In July 2020, Pilot Butte council also authorized the town to borrow up to $3.9 million to complete planned upgrades to the local wastewater system. Town administrator Allen Mullen told The Forum at the time that the borrowing was intended to prepare the town for up to 30 years of future population growth.
“Our population couldn’t continue to grow until we had a new sewer system … so right now we’re doing an expansion,” Mullen said at the time. “(Without the upgrades) I think it would have really stopped all developments so I think the water and the sewer are going to be able to support a population of close to nine, 10,000 people. It’s for our long-term growth … so that we don’t just piecemeal it. And it’s a very good system.”
Population growth also means increased pressure on the available space at Pilot Butte Elementary School, which had a projected enrolment of 443 for the 2021-22 year as detailed in the Prairie School Division’s 2020-21 strategic plan. Enrolment numbers as of Sept. 30, 2021 showed the actual enrolment number was 492.

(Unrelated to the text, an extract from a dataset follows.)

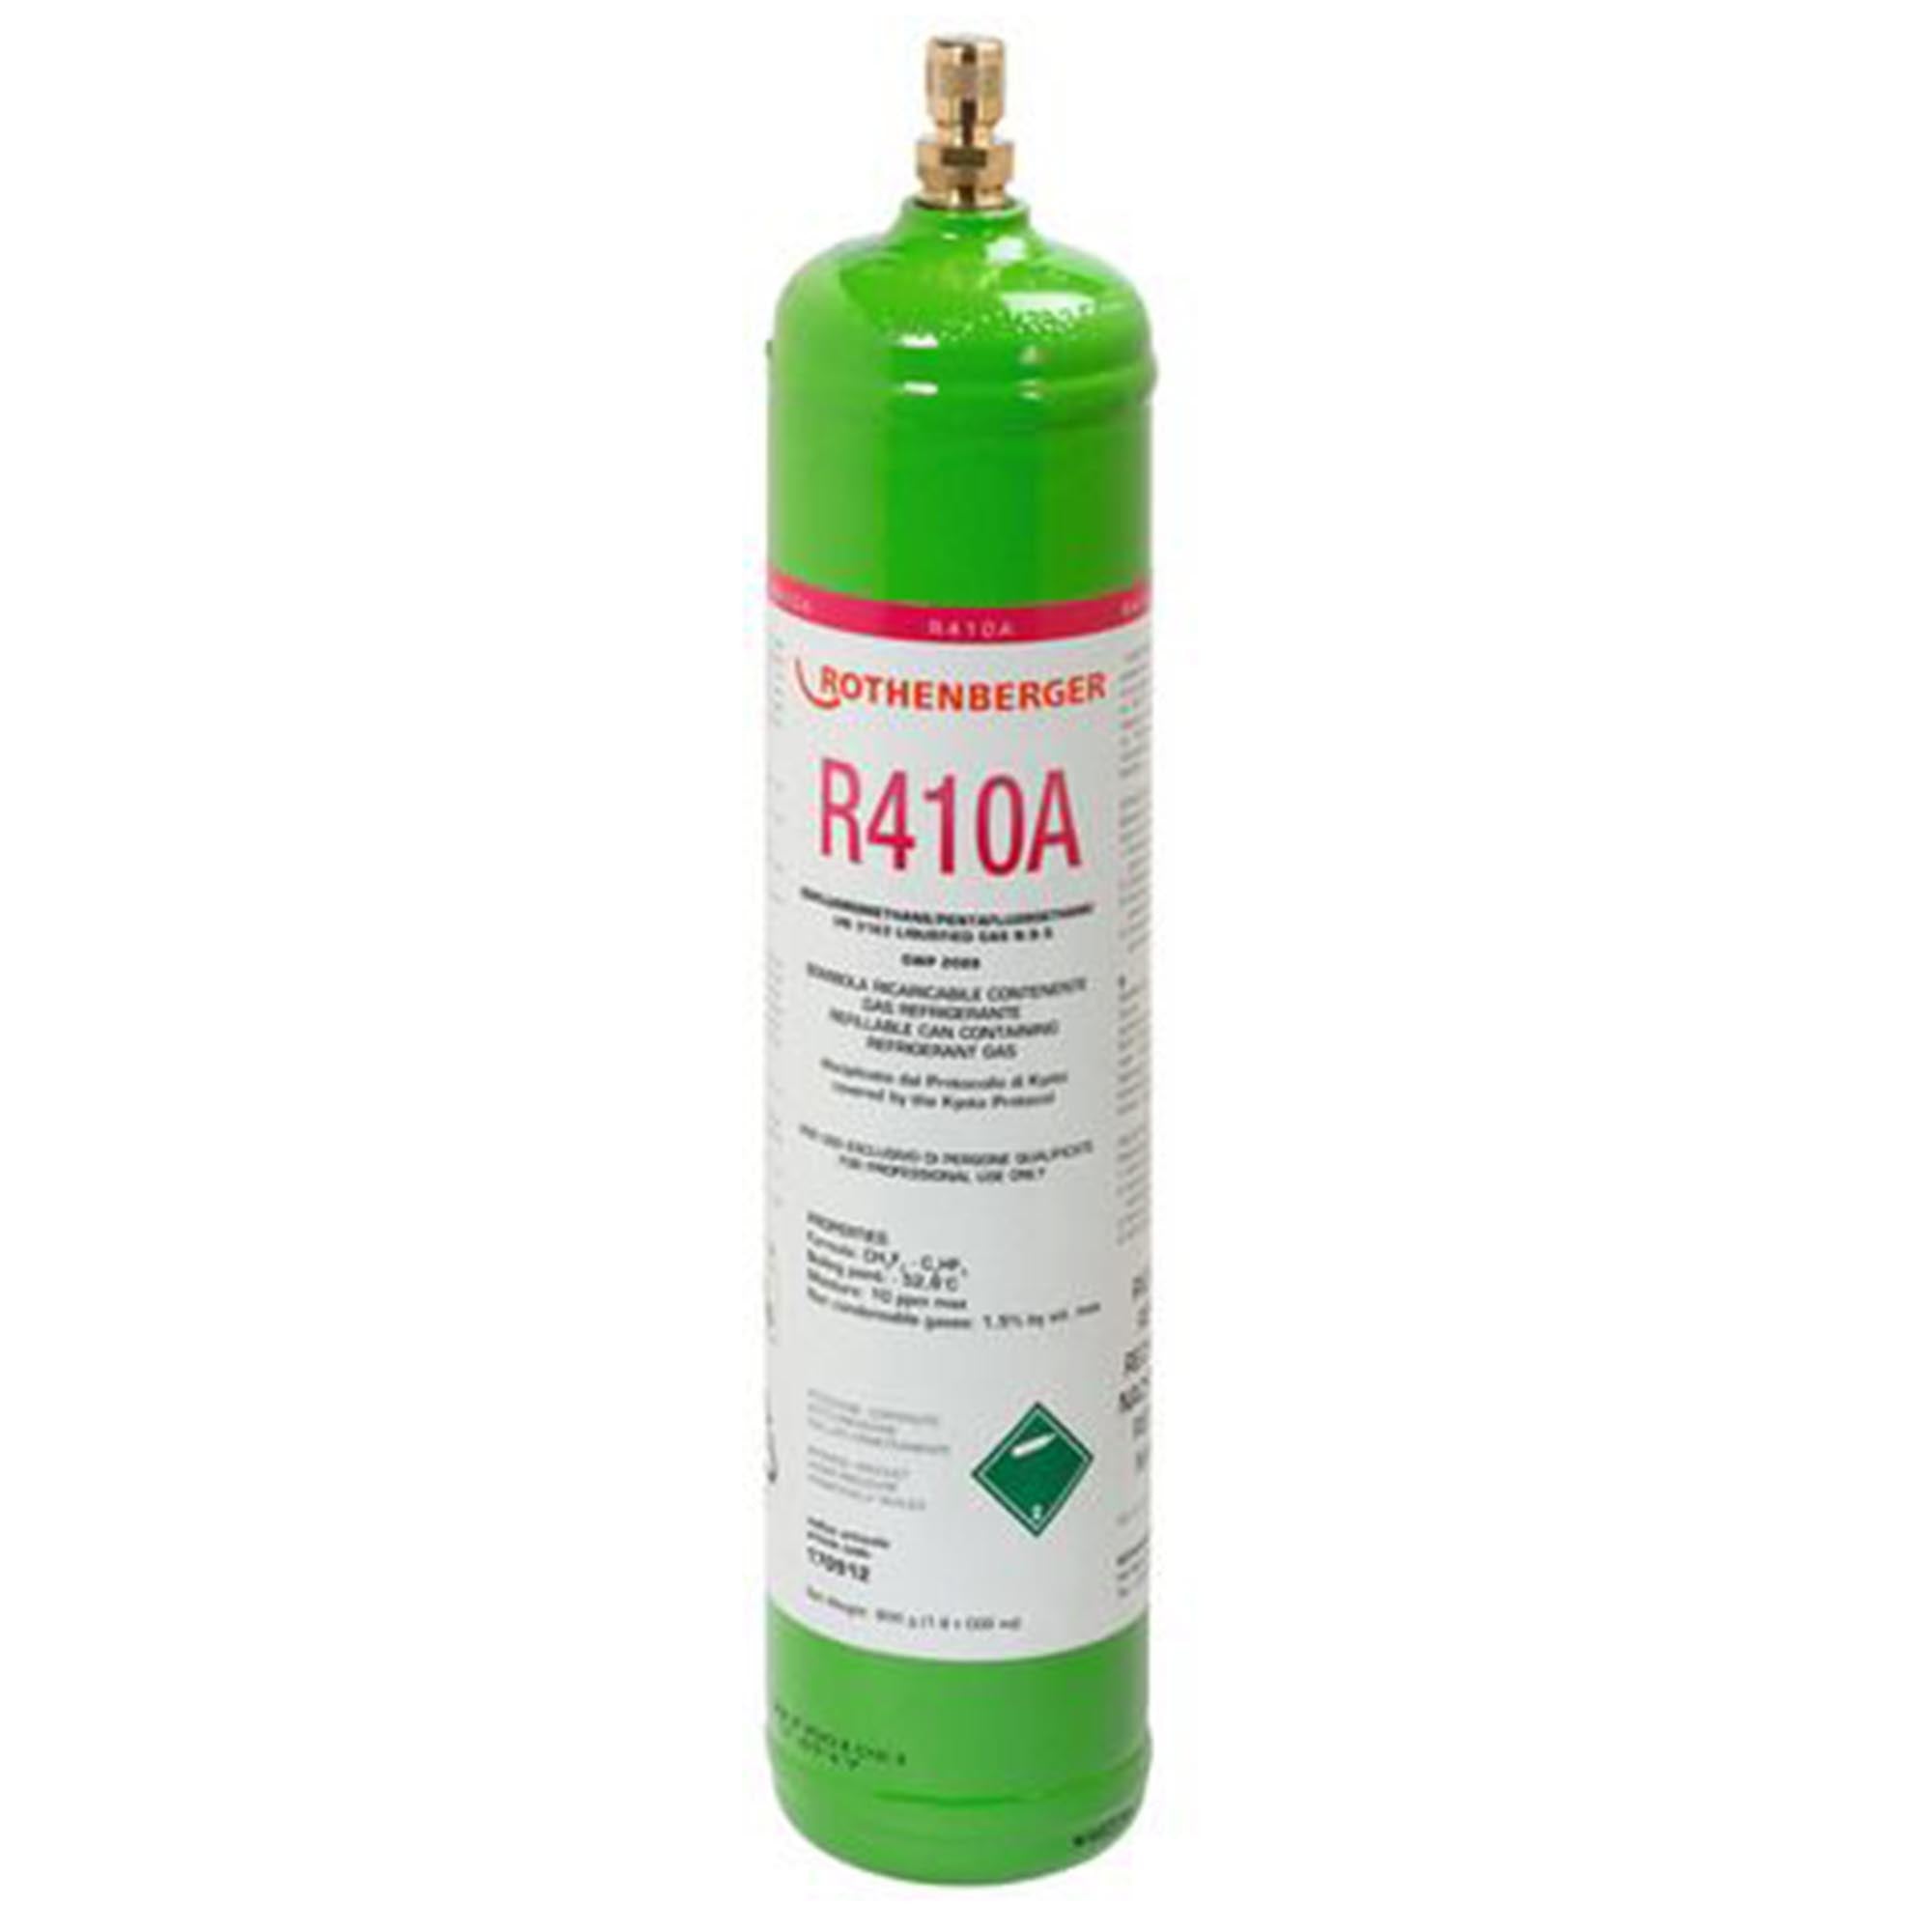 Gas refrigerante Rothenberger R410A

Chorney said modular units have not been added to the school and an email from Prairie Valley School Division noted that “the capacity of Pilot Butte School would range between 475 and 500 students. At the higher end of that range, some non-classroom spaces like science labs and libraries could be used as additional classrooms. Although there are no immediate plans for a new school in Pilot Butte, Prairie Valley School Division is planning for an additional modular classroom … completed in time for the start of the 2022-2023 school year.”
Asked about future growth, Chorney said she has heard from community members that they would like doctors in the town and “like-minded sorts of services” such as physiotherapists, dentists and optometrists.
“I really attribute [our growth] to our residents, because I think they are the best champions and advocates for Pilot Butte,” said the mayor. “I hear from many that say: ’Oh yeah, I told my friend about the great life we have out here and now they’re looking to build or they’re looking to buy.’ It’s the community spirit for sure, and the residents.”
WHITE CITY BOOM CONTINUES, MIXED NUMBERS FOR SURROUNDING AREAS
Beyond Pilot Butte, White City had the next highest population growth rate in the local area at 19.5 per cent, increasing from 3,099 residents in 2016 to 3,702 last year. Among Saskatchewan towns that increase was third overall, trailing only Pilot Butte and Eastend. It also represents 10-year growth of 95 per cent, up from the 1,899 residents recorded in the 2011 census.
Urban population growth was also recorded locally in the village of Edenwold (up 4.29 per cent from 233 to 243), Davin (up 16.3 per cent from 43 to 50 residents), Sedley (up 2.5 per cent from 358 to 367 people), Vibank (up one resident from 385 to 386), Odessa (up 7.3 per cent from 205 to 220 people), and Osage, which was reported to have increased from 20 residents to 25 over the five-year period.
The RMs of Edenwold, Lajord, Montmartre, Chester and Wellington all recorded population decreases, as did the communities of Balgonie, Kronau, Gray, Riceton, Francis, Kendal, Montmartre and Glenavon.
Kronau’s population, as recorded by the census, dropped 26.9 per cent from 394 to 288 between 2016-21. The surrounding RM of Lajord saw its population drop 20.1 per cent from 1,232 to 985. The village of Montmartre’s population fell 8.2 per cent from 490 to 450, and the RM of Montmartre’s population fell 27.5 per cent from 483 to 350.